Run main curses loop with no previous replay.

Parameters
  • force_perfect (bool) – If True, then one cannot finish typing before all characters are typed without any mistakes.

  • output_file (str or pathlib.Path or None) – If pathlib.Path then we store the typed text in this file. If None, no saving is taking place.

  • instant_death (bool) – If active, the first mistake will end the game.

  • target_wpm (int or None) – The desired speed to be displayed as a guide.

mltype.interactive.main_replay(replay_file, force_perfect, overwrite, instant_death, target_wpm)[source]

Run main curses loop with a replay.

Parameters

force_perfect (bool) – If True, then one cannot finish typing before all characters are typed without any mistakes.

overwritebool

If True, the replay file will be overwritten in case we are faster than it.

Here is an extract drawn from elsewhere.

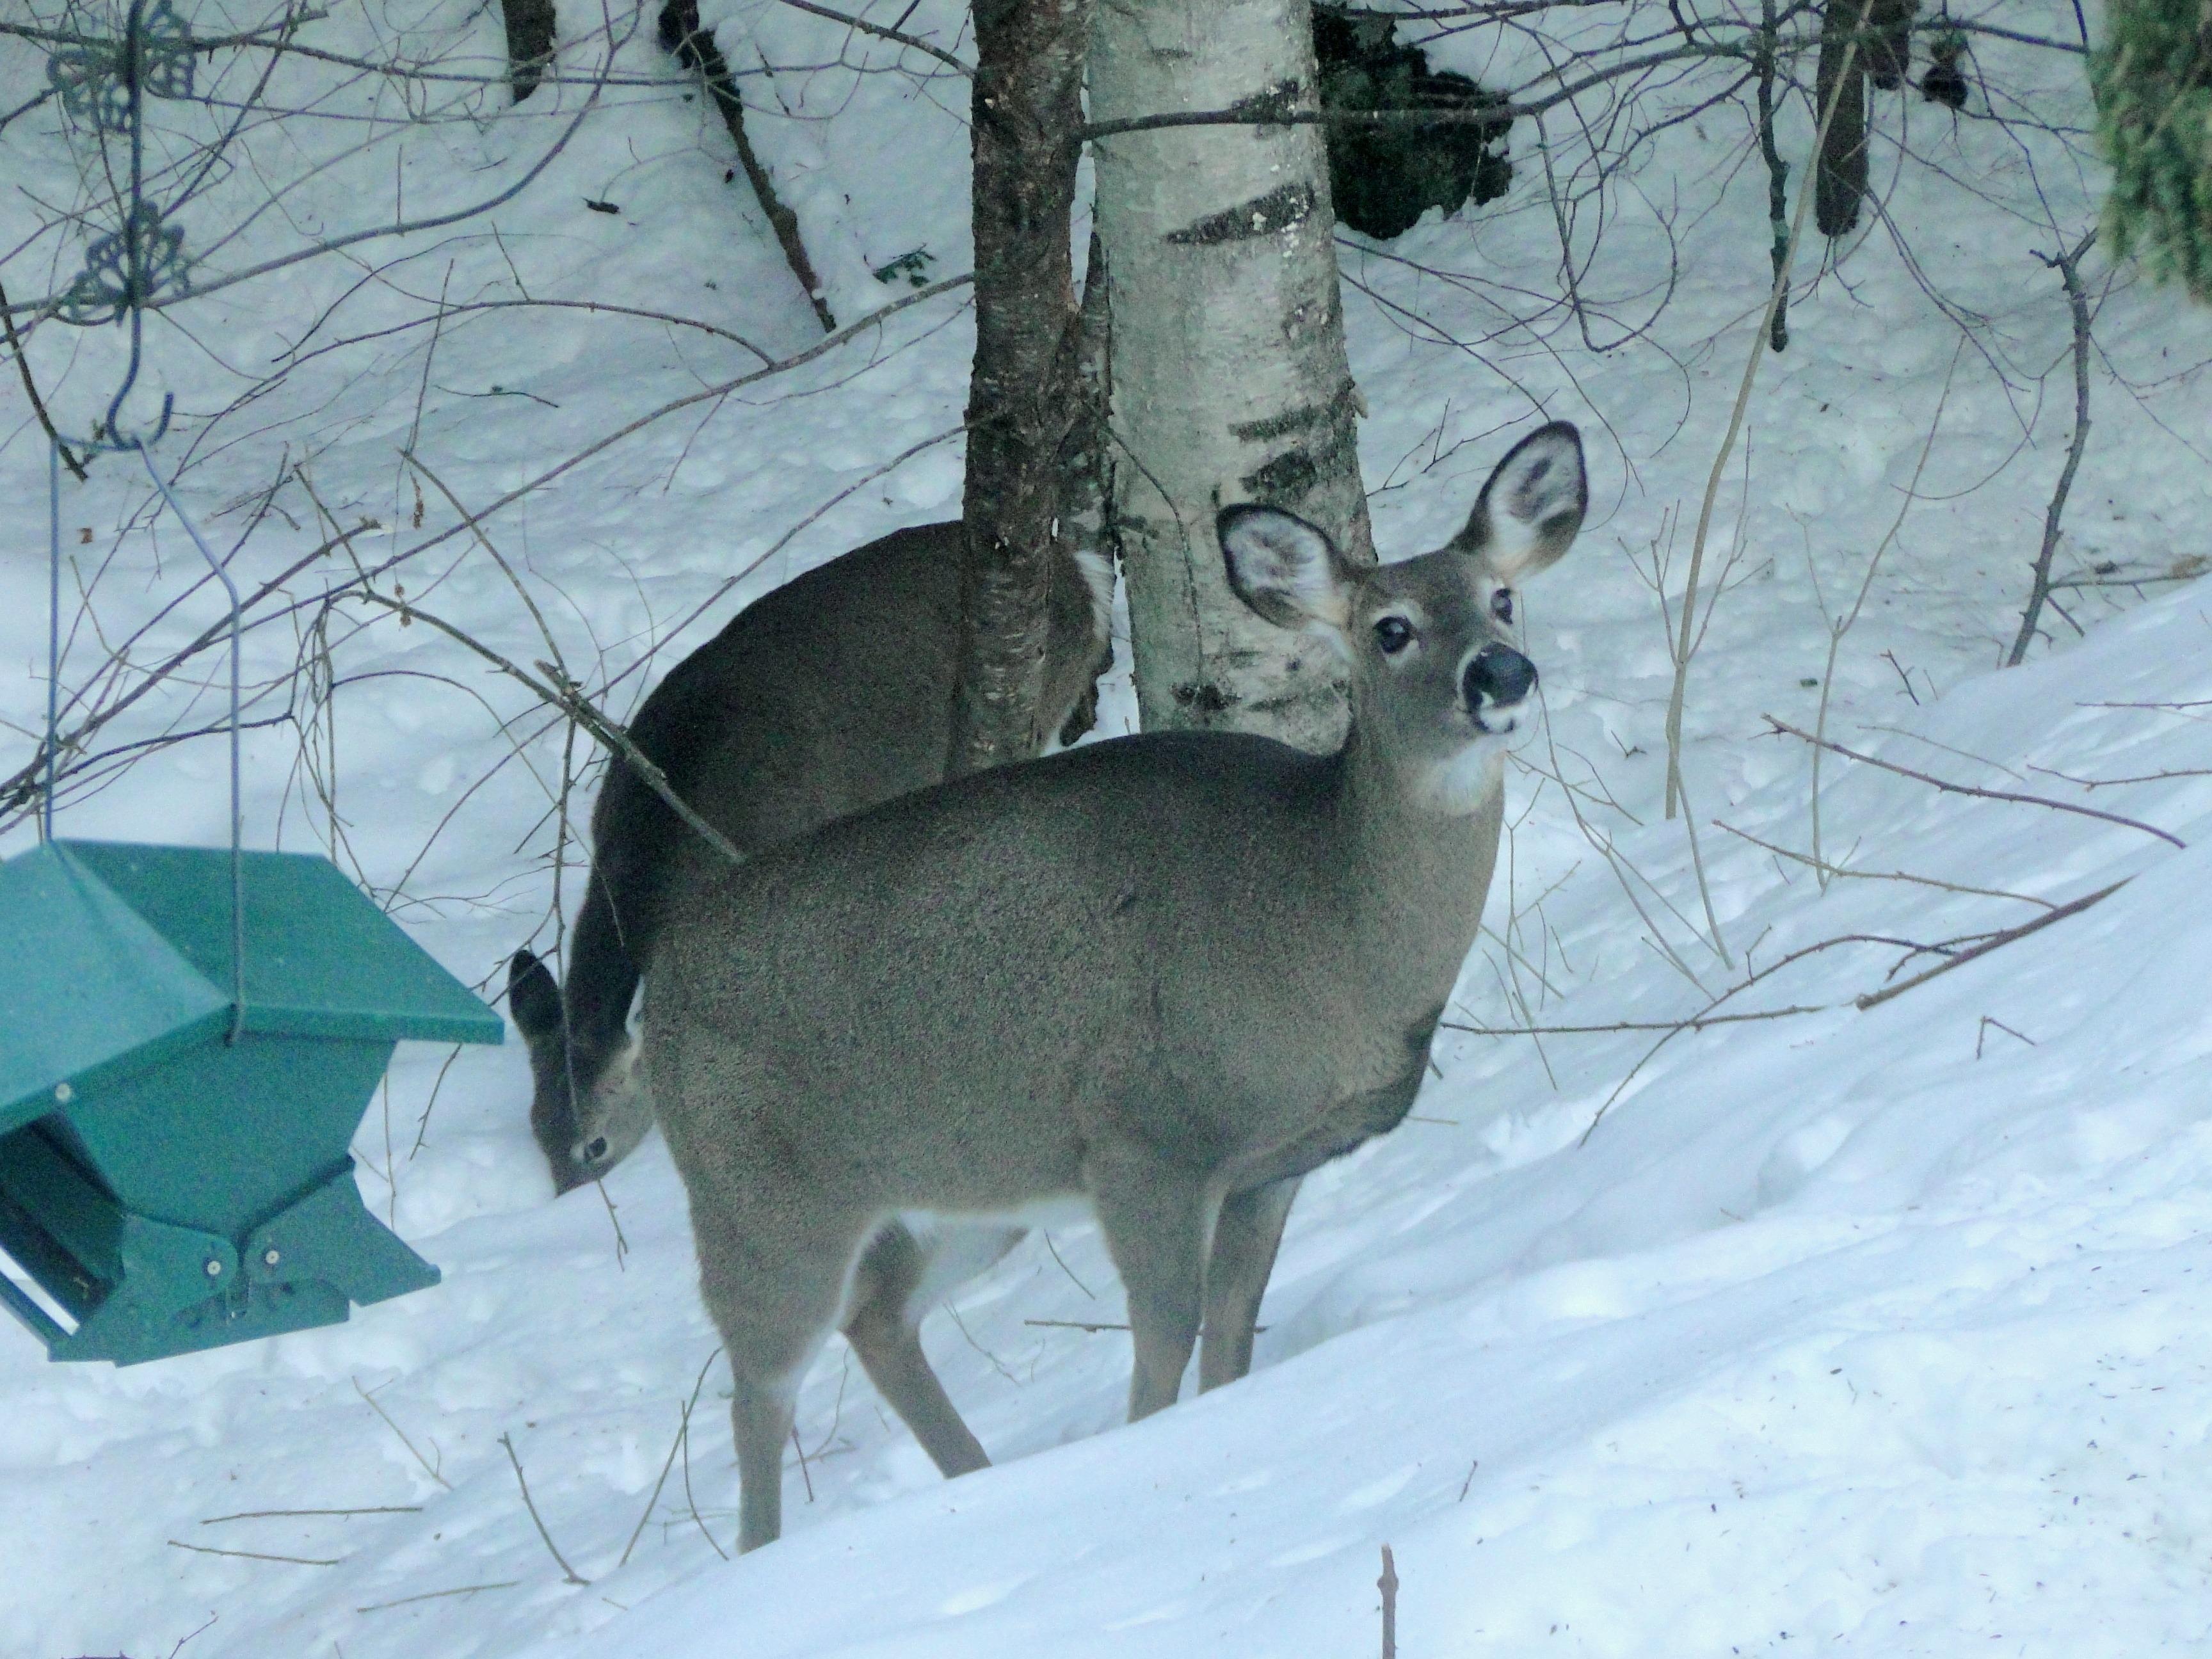 free images nature snow winter wildlife backyard mammal
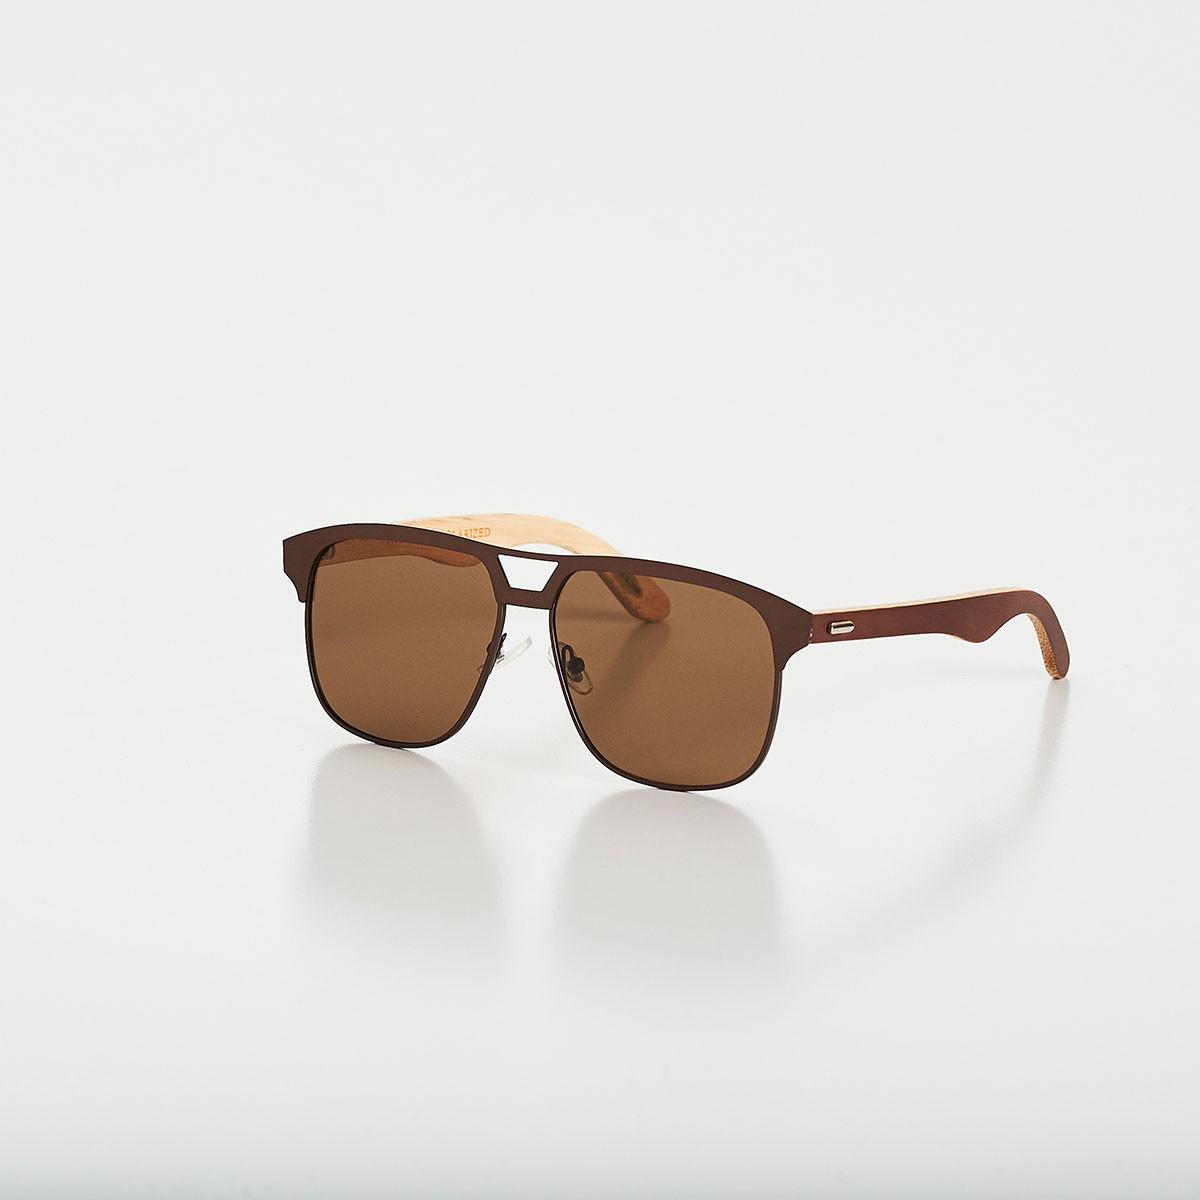 f577b2ebba48c Óculos de Sol Timber Marrom CAJUBRASIL Activewear

replay_filestr or pathlib.Path

Typed text in this file from some previous game.

instant_deathbool

If active, the first mistake will end the game.

target_wpmNone or int

The desired speed to be shown as guide.

mltype.interactive.run_loop(stdscr, text, force_perfect=True, replay_tt=None, instant_death=False, target_wpm=None)[source]

Run curses loop - actual implementation.

mltype.ml module

Machine learning utilities.

class mltype.ml.LanguageDataset(X, y, vocabulary, transform=None)[source]

Bases: torch.utils.data.dataset.Dataset

Language dataset.

All the inputs of this class should be generated via create_data_language.

Parameters
  • X (np.ndarray) – Array of shape (n_samples, window_size) of dtype np.int8. It represents the features.

  • y (np.ndarray) – Array of shape (n_samples,) of dtype np.int8. It represents the targets

  • vocabulary (list) – List of characters in the vocabulary.

  • transform (callable or None) – Some callable that inputs X and y and returns some modified instances of them.

ohv_matrix

Matrix of shape (vocab_size + 1, vocab_size). The submatrix ohv_matrix[:vocab_size, :] is an identity matrix and is used for fast creation of one hot vectors. The last row of ohv_matrix is a zero vector and is used for encoding out-of-vocabulary characters.

Type

np.ndarray

class mltype.ml.SingleCharacterLSTM(vocab_size, hidden_size=16, n_layers=1, dense_size=128)[source]

Bases: pytorch_lightning.core.lightning.LightningModule

Single character recurrent neural network.

Given some string of characters, we generate the probability distribution of the next character.

Architecture starts with an LSTM (hidden_size, n_layers, vocab_size) network and then we feed the last hidden state to a fully connected network with one hidden layer (dense_size).

Parameters
  • vocab_size (int) – Size of the vocabulary. Necessary since we are encoding each character as a one hot vector.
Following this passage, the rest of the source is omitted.